**PROBLEM DESCRIPTION**
Transcribe the listing that follows in full, exactly, and drop its images.

**AVAILABLE DATA**

* * *

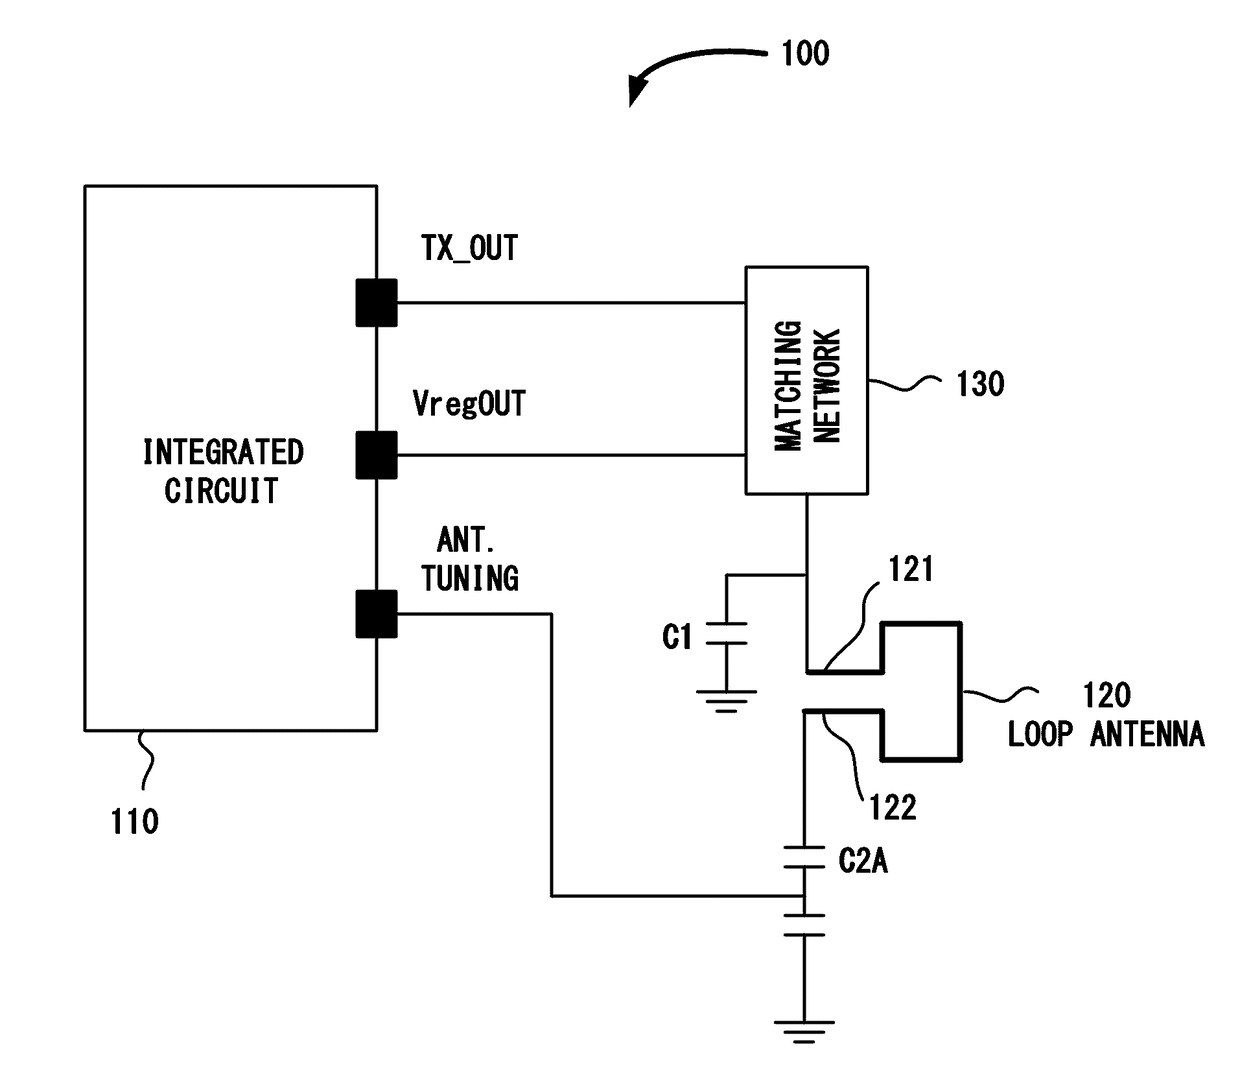 Impedance tuning circuit
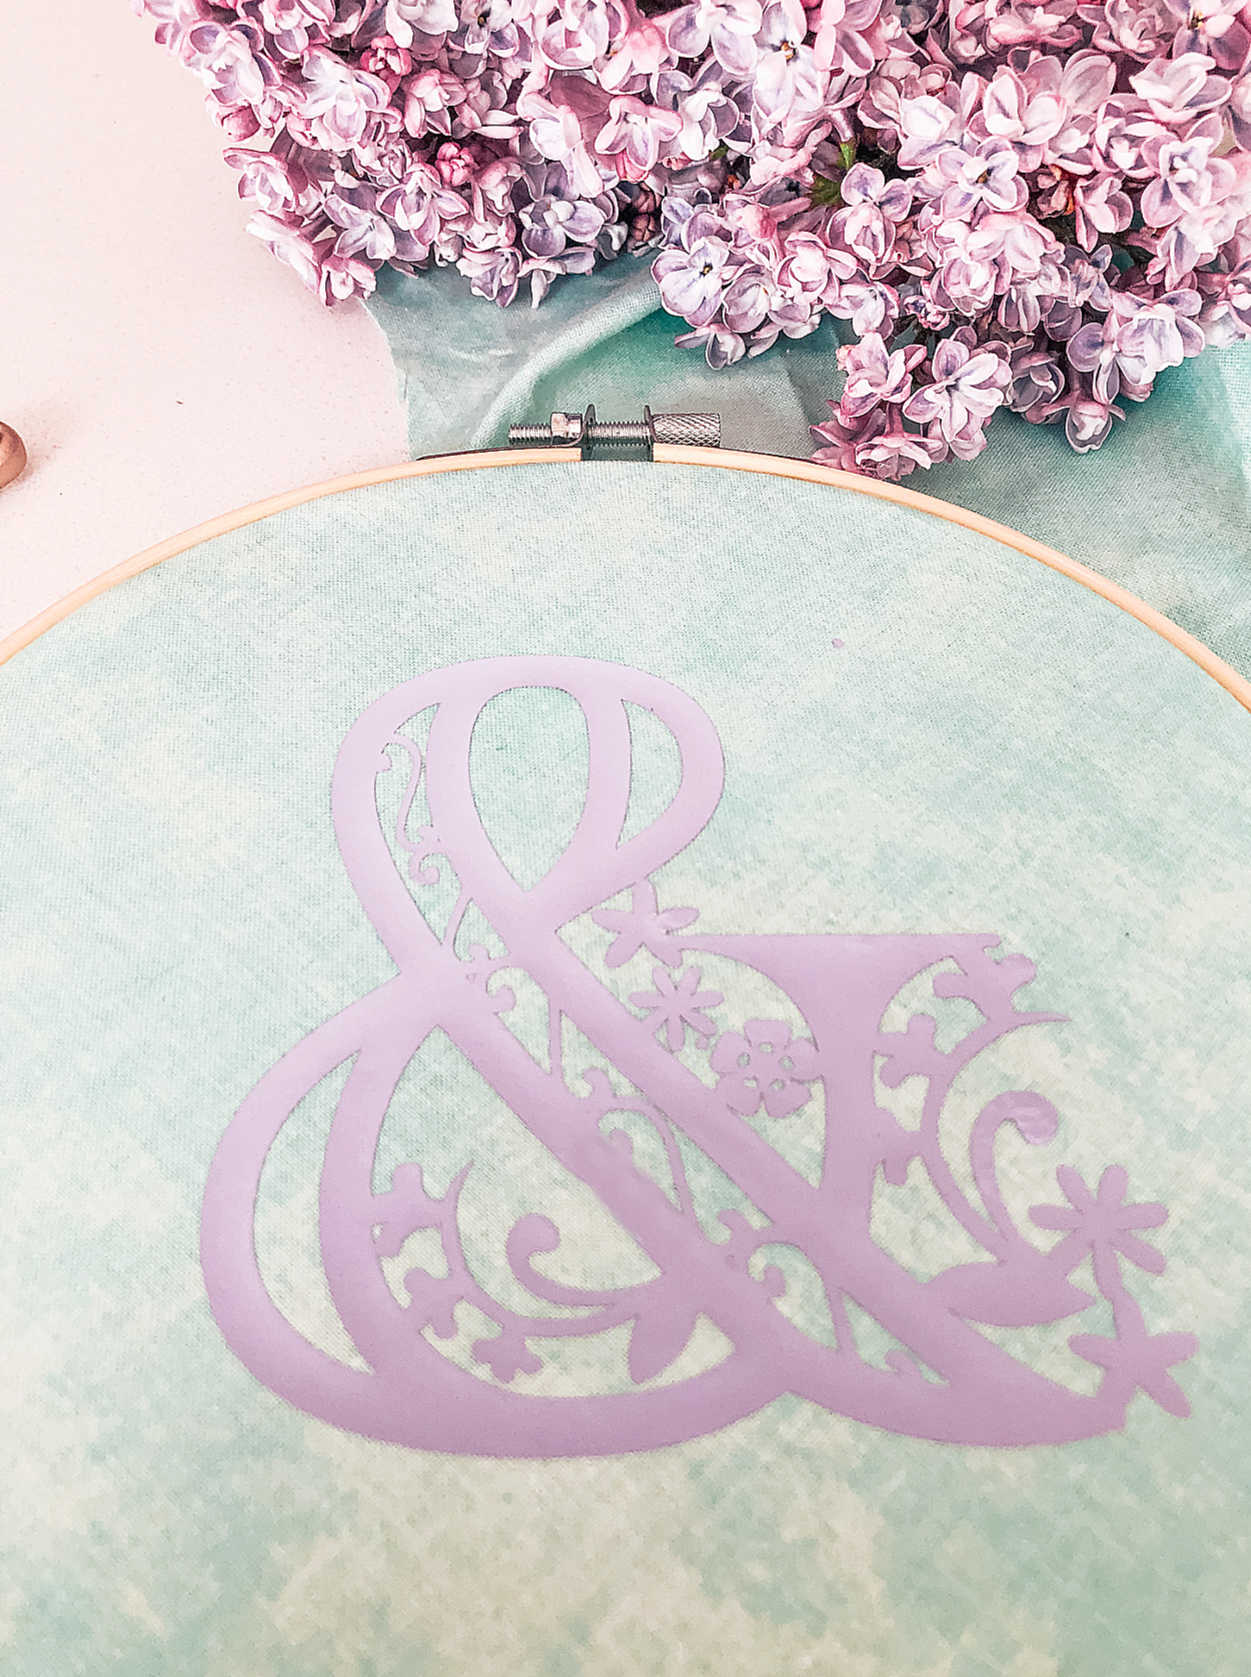 DIY Embroidery Hoop With Cricut Iron On Vinyl
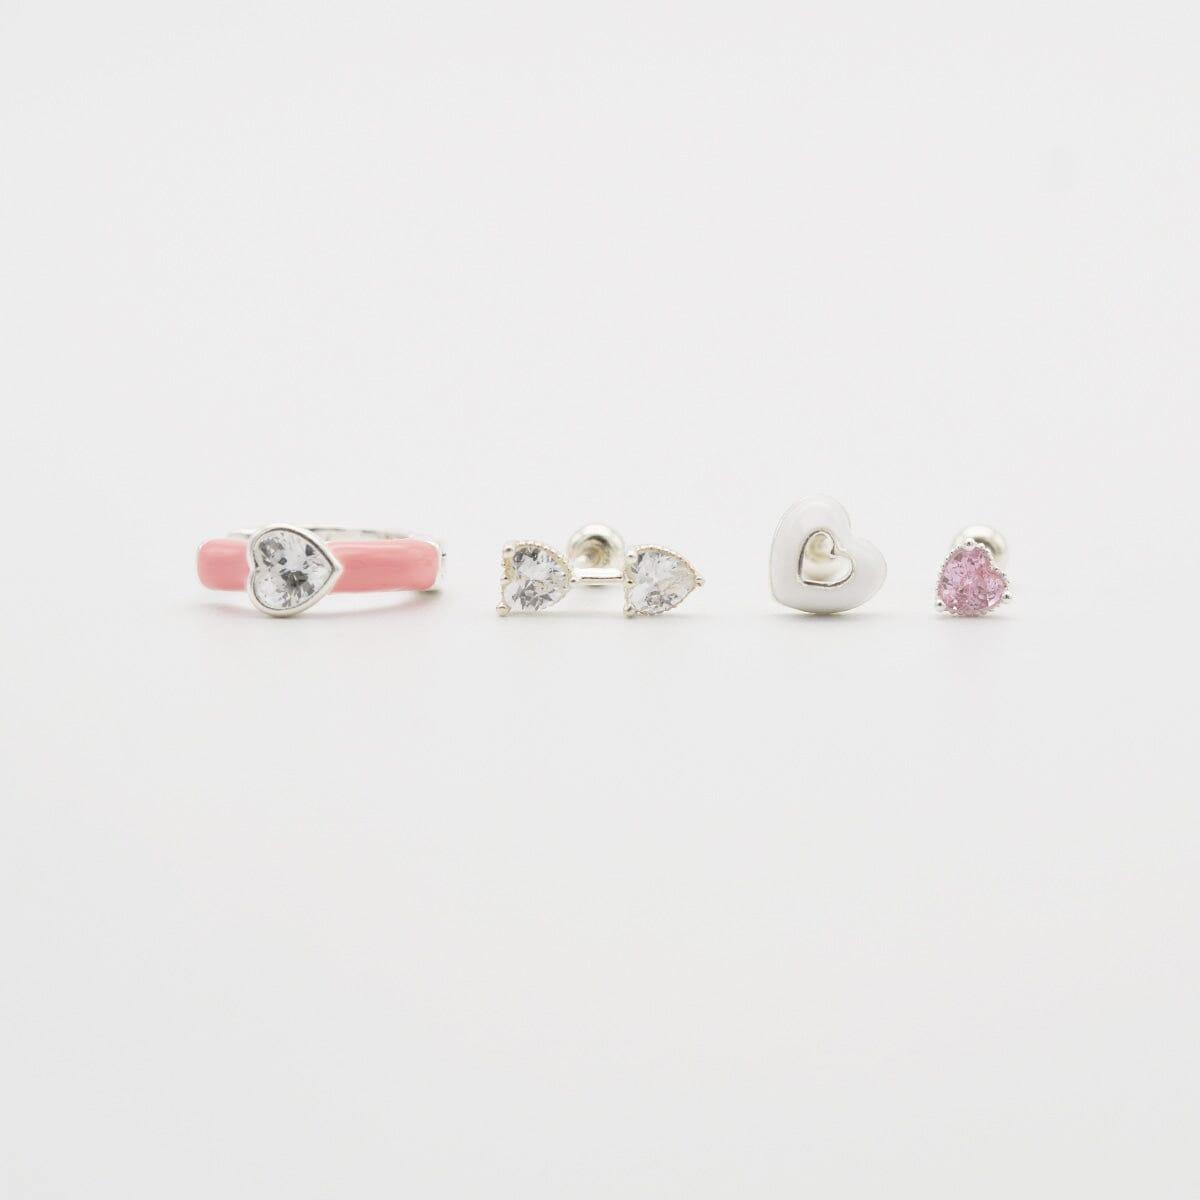 [925 Silver]ピンクキューピットピアス[4セット] Earrings 10000won

* * *

**THE COMPLETED TASK**
 Impedance tuning circuit
 DIY Embroidery Hoop With Cricut Iron On Vinyl
 [925 Silver]ピンクキューピットピアス[4セット] Earrings 10000won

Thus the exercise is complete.